Signatories from different departments, including several from the history department,refuted the vice presidential candidate’s claim that the Marcos years were good for the country. “The Marcos regime’s economics of debt-driven growth was disastrous for the Philippines,” they said.

“The regime was not interested in inclusive development, long-term state-building, nor genuine social transformation of the country, despite its ‘New Society’ rhetoric,” they added.

They deplored “the shameless refusal to acknowledge the crimes of the Martial Law regime” and said they “reject the revision of history, disturbing vision of the future, and shallow call for ‘unity’ being presented by Marcos Jr and like-minded candidates in the 2016 elections.”

This included Bongbong Marcos’ recent calls for a hero’s burial for his father. “We reject any attempt to give Ferdinand E. Marcos a hero’s burial at the Libingan ng mga Bayani,” the signatories said.

In their statement, they said Marcos simply created “new elites or ‘oligarchs’ rather than abolish them – suppoedly one of his main justification for declaring martial law.” Those who dared challenge the dictator were “intimidated, imprisoned, kidnapped, tortured or summarily executed.”

The faculty members also reiterated the need for justice for victims of martial law abuses and the need to pursue recovery of the Marcoses’ ill-gotten wealth.

One of the darkest periods

“The Marcos dictatorship should be remembered as one of the darkest periods of Philippine history.

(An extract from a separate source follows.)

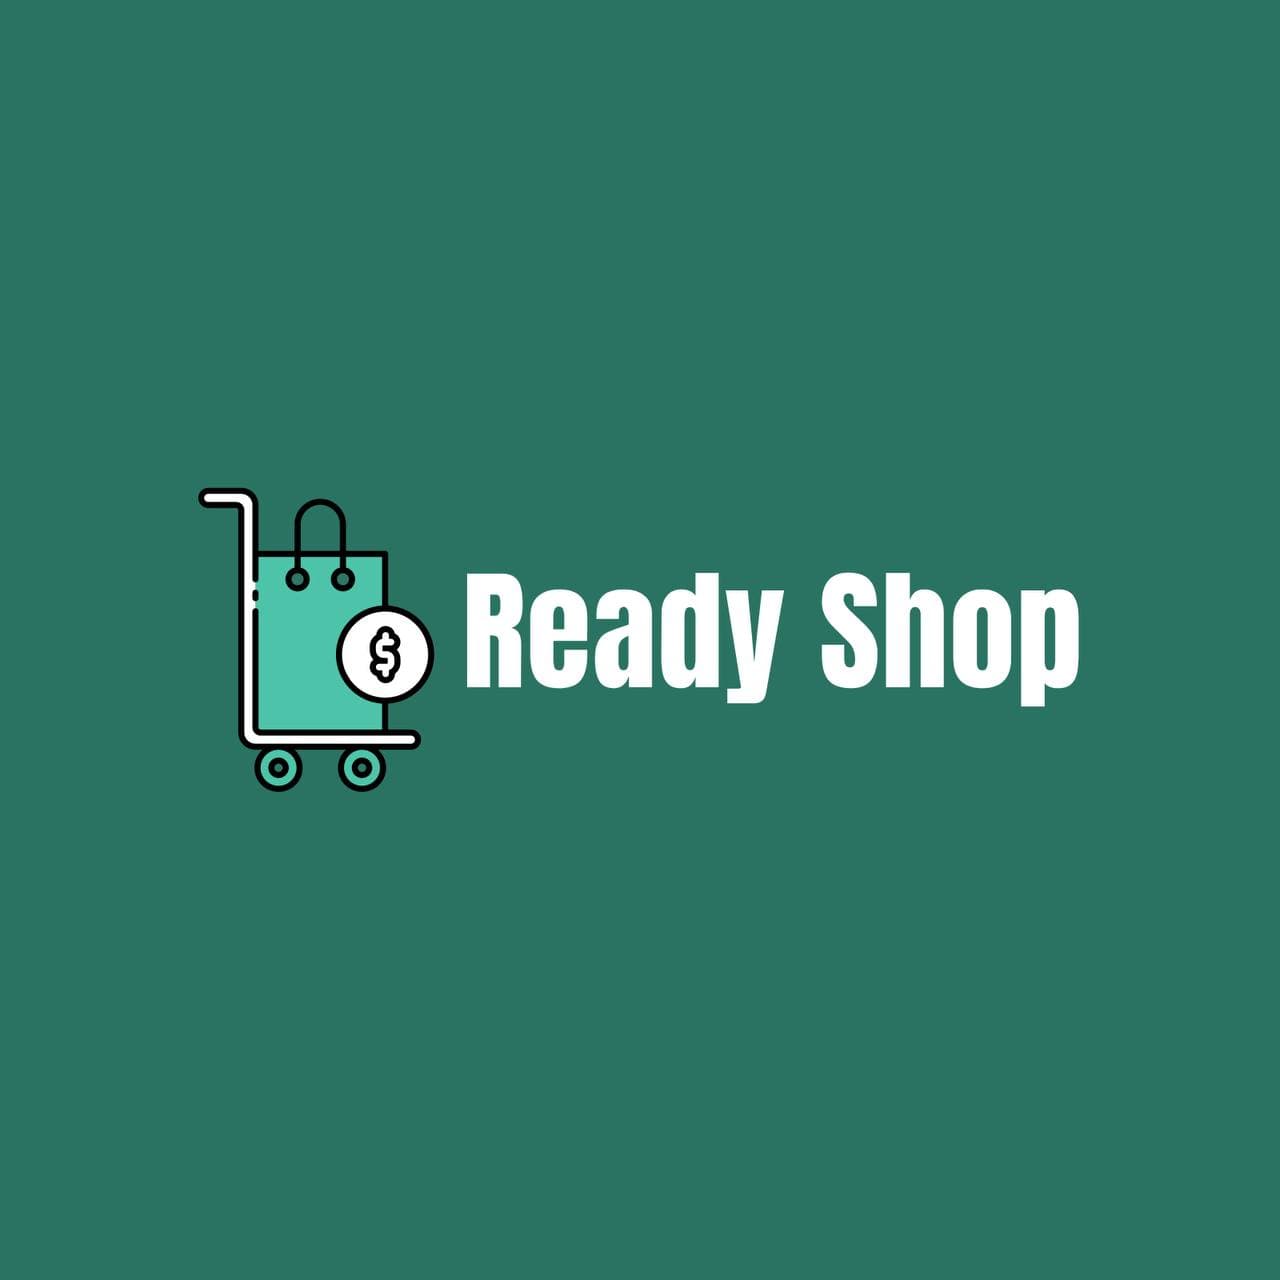 Ready Shop компания по созданию интернет-магазинов Логотип(logo)

We reaffirm our responsibility as teachers and professionals to keep the spirit of EDSA 1986 alive by imparting to the young that the structures, actions and ideas – including the many lies – that allowed the Marcos dictatorship to impose and perpetuate itself, should be eliminated and never again be allowed to flourish,” the statement said.

Marcos has staunchly defended his father’s regime, refusing to apologize for whatever may have happened during that period. (READ: ‘Bongbong Marcos knows what to apologize for’)

This “revisionism” did not escape criticism from the faculty, who criticized “attempts by some individuals and particularly public figures, to whitewash the Marcos regime’s wanton violation of human rights, and to distort its political-economic record.”

Historian and professor Dr Jose Edito Tirol previously commented about the issue saying, “It is our fault too, we the present, who chose forgiveness and forgetfulness over justice, of reconciliation over taking back what is rightfully ours, not just our lost national wealth, but our very dignity as a people.”

Looking to the elections, the signatories wrote: “We call on all our politicians, especially those who are running for office in the 2016 national and local elections, to take a definite stand on the abuses of the Marcos dictatorship.”

Marcos was tied at No. 1 with vice presidential candidate Francis “Chiz” Escudero, obtaining 26% in the latest February 5-7 survey of Social Weather Stations.